Opieka koordynowana w POZ. "Jesteśmy nieprzygotowani"
- Jesteśmy nieprzygotowani do procesu, jakim jest wprowadzanie opieki koordynowanej w POZ - uważa Jacek Krajewski, prezes Porozumienia Zielonogórskiego. - 40 podmiotów biorących udział w POZ PLUS to jest kropla w morzu wszystkich świadczeniodawców, którzy funkcjonują w Polsce - dodaje.

- Od 1 października obowiązują przepisy dotyczące koordynacji opieki nad pacjentem w POZ
- Poradnie podstawowej opieki zdrowotnej powinny wyznaczyć koordynatora, który wesprze pacjentów POZ w procesie leczenia
- Koordynator to element opieki nad pacjentem, który zaistniał w pilotażowym projekcie NFZ - POZ PLUS
- Prezes Porozumienia Zielonogórskiego Jacek Krajewski zwraca uwagę, że w POZ PLUS udział wzięło jedynie 40 placówek z całego kraju
- W jego ocenie nie wszystkie poradnie mogą powtórzyć to, co wykonują placówki, które zaangażowały się POZ PLUS
- Brakuje też dobrej wyceny NFZ z pracę koordynatora opieki nad pacjentem w POZ
- Doświadczenia POZ PLUS przeniknęły już do środowiska, przynajmniej tego zainteresowanego tym pilotażem i widzimy, jakie są mocne strony koordynacji, widzimy też, gdzie można coś poprawić albo co się nie nadaje do upowszechnienia.

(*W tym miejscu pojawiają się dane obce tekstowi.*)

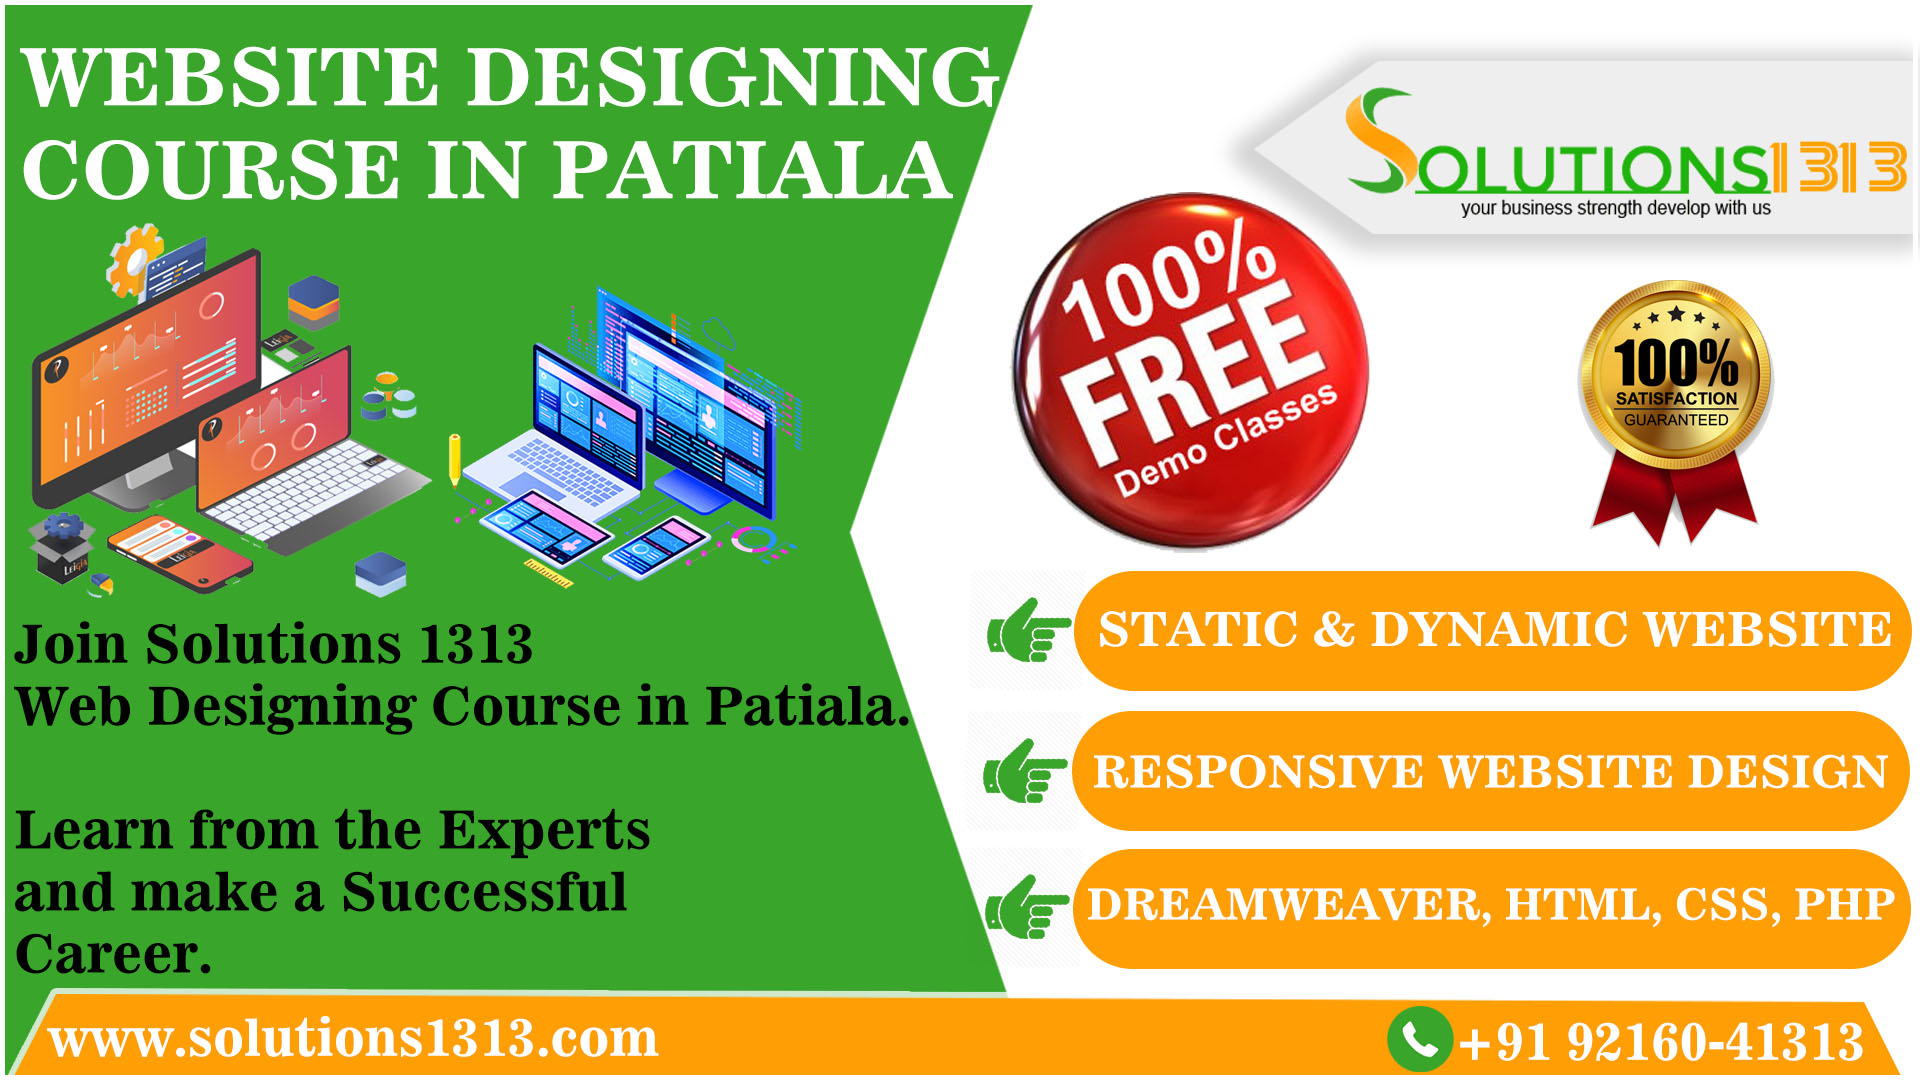 Web Designing Course in Patiala
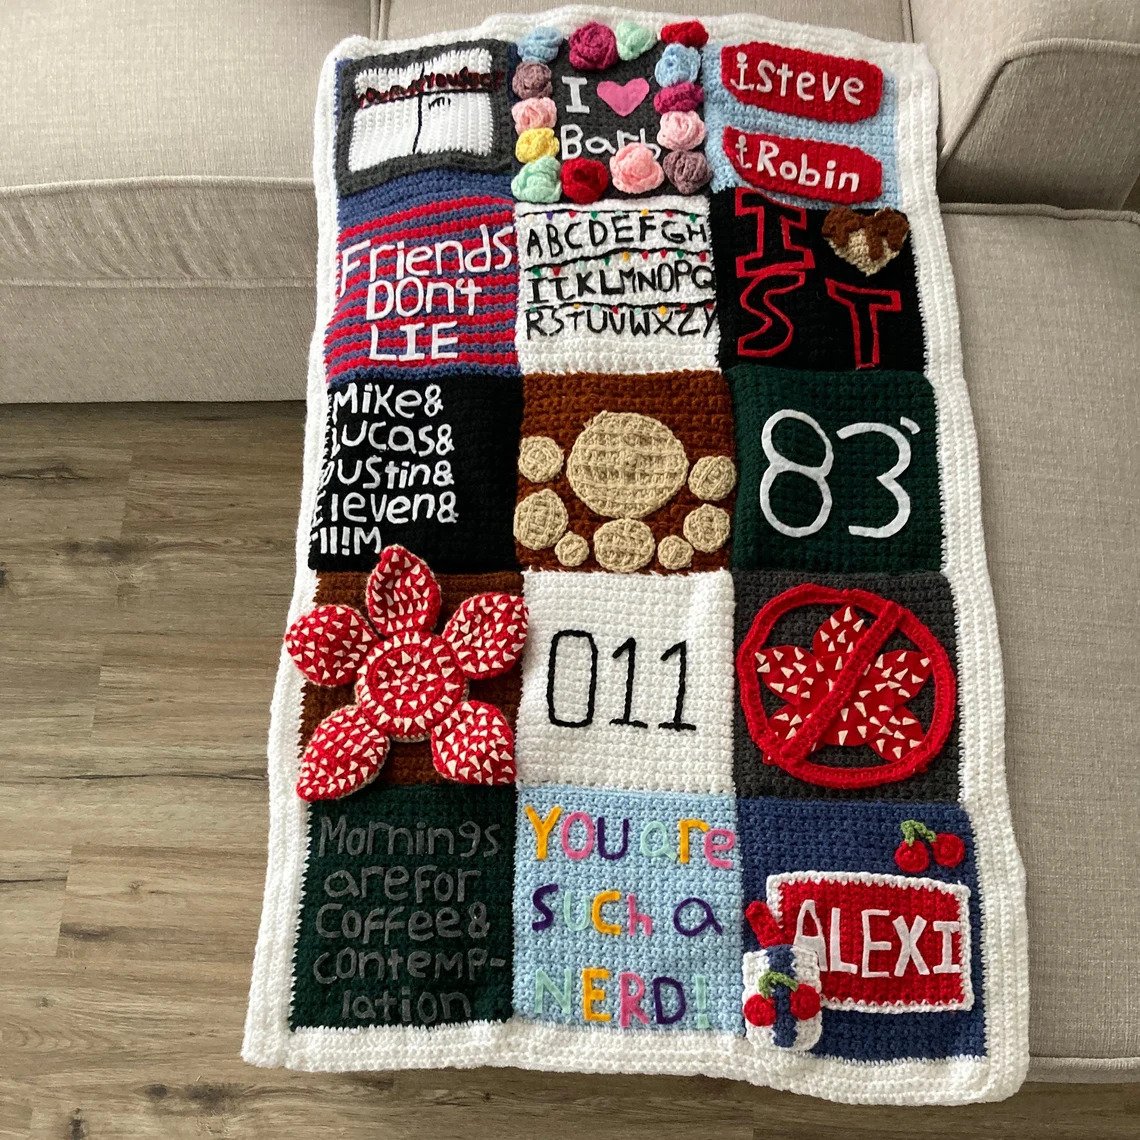 Pattern To Crochet an Awesome 'Stranger Things' Inspired Patchwork Quilt ... So Cool!

Widzimy także, że nie żyjemy w idealnym świecie i nie wszystkie placówki mogą powtórzyć to, co wykonują placówki, które zaangażowały się POZ Plus - mówił Jacek Krajewski, prezes Federacji Związku Pracodawców Ochrony Zdrowia Porozumienia Zielonogórskiego podczas sesji ‘’Podstawowa opieka zdrowotna - o zmianach zapowiadanych i wdrażanych’’ na XVII Forum Rynku Zdrowia (18-19 października).
W jego opinii powinny być tworzone różne modele koordynacji w POZ - również takie, które są zwrócone do mniejszych jednostek, mających mniejszy management, które mają trochę słabiej przygotowane, jeżeli chodzi o infrastrukturę do realizacji opieki koordynowanej.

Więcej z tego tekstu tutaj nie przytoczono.